Task
From the line containing "How to repair broken ceramics with Kintsugi" onward, retype each line of the entries below exactly, last line included.

[Records from a data source]
########

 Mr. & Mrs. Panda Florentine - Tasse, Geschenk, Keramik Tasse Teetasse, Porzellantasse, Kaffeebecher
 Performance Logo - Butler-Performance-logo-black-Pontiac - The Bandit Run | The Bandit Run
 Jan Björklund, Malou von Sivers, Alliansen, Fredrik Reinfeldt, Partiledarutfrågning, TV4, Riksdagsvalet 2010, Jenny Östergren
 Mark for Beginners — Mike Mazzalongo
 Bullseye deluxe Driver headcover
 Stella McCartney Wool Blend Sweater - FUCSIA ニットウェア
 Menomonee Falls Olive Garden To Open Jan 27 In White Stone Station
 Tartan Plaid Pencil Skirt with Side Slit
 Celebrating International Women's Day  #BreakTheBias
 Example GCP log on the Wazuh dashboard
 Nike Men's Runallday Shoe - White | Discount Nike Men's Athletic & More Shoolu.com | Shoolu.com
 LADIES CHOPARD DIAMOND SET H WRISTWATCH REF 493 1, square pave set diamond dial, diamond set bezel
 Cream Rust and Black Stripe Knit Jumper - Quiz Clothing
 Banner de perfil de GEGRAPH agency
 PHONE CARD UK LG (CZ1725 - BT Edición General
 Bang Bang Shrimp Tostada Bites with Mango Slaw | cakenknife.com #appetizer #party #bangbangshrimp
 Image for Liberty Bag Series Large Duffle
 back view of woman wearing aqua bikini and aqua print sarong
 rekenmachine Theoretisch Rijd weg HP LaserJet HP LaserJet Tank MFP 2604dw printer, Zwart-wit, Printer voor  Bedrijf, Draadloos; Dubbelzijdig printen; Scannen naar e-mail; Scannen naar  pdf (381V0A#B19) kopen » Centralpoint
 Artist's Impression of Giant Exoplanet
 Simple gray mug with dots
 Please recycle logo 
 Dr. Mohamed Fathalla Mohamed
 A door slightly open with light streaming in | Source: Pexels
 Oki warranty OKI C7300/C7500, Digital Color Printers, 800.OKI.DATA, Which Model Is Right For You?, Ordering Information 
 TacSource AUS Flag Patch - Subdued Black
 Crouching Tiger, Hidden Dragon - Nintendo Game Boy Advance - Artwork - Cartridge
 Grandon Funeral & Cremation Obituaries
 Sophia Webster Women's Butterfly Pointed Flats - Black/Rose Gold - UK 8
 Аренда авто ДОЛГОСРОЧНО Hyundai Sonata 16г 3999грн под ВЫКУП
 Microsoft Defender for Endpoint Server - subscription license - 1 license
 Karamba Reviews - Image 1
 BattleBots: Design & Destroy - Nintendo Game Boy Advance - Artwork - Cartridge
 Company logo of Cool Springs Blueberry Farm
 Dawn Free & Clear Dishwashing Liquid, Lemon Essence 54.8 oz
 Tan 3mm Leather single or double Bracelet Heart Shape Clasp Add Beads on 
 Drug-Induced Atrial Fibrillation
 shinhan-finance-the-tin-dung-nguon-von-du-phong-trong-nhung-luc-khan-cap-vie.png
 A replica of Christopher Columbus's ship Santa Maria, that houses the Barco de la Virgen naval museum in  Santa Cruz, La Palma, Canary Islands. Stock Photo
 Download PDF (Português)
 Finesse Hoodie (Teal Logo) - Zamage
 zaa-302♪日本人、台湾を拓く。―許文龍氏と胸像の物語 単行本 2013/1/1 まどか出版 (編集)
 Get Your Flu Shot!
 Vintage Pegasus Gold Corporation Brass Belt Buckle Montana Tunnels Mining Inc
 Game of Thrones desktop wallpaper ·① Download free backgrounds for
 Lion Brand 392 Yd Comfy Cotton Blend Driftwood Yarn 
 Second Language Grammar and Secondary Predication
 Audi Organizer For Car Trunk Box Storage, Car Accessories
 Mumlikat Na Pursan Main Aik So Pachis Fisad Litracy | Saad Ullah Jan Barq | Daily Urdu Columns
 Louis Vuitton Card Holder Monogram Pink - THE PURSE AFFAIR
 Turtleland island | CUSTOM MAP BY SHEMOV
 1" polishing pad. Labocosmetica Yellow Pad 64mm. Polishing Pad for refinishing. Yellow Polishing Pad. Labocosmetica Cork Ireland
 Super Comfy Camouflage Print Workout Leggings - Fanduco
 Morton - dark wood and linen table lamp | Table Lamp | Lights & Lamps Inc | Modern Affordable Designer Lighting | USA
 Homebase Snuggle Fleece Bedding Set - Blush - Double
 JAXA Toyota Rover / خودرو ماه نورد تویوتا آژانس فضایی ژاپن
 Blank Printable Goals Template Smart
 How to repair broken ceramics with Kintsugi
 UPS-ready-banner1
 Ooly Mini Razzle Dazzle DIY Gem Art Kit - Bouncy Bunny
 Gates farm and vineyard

########

Expected answer
 How to repair broken ceramics with Kintsugi
 UPS-ready-banner1
 Ooly Mini Razzle Dazzle DIY Gem Art Kit - Bouncy Bunny
 Gates farm and vineyard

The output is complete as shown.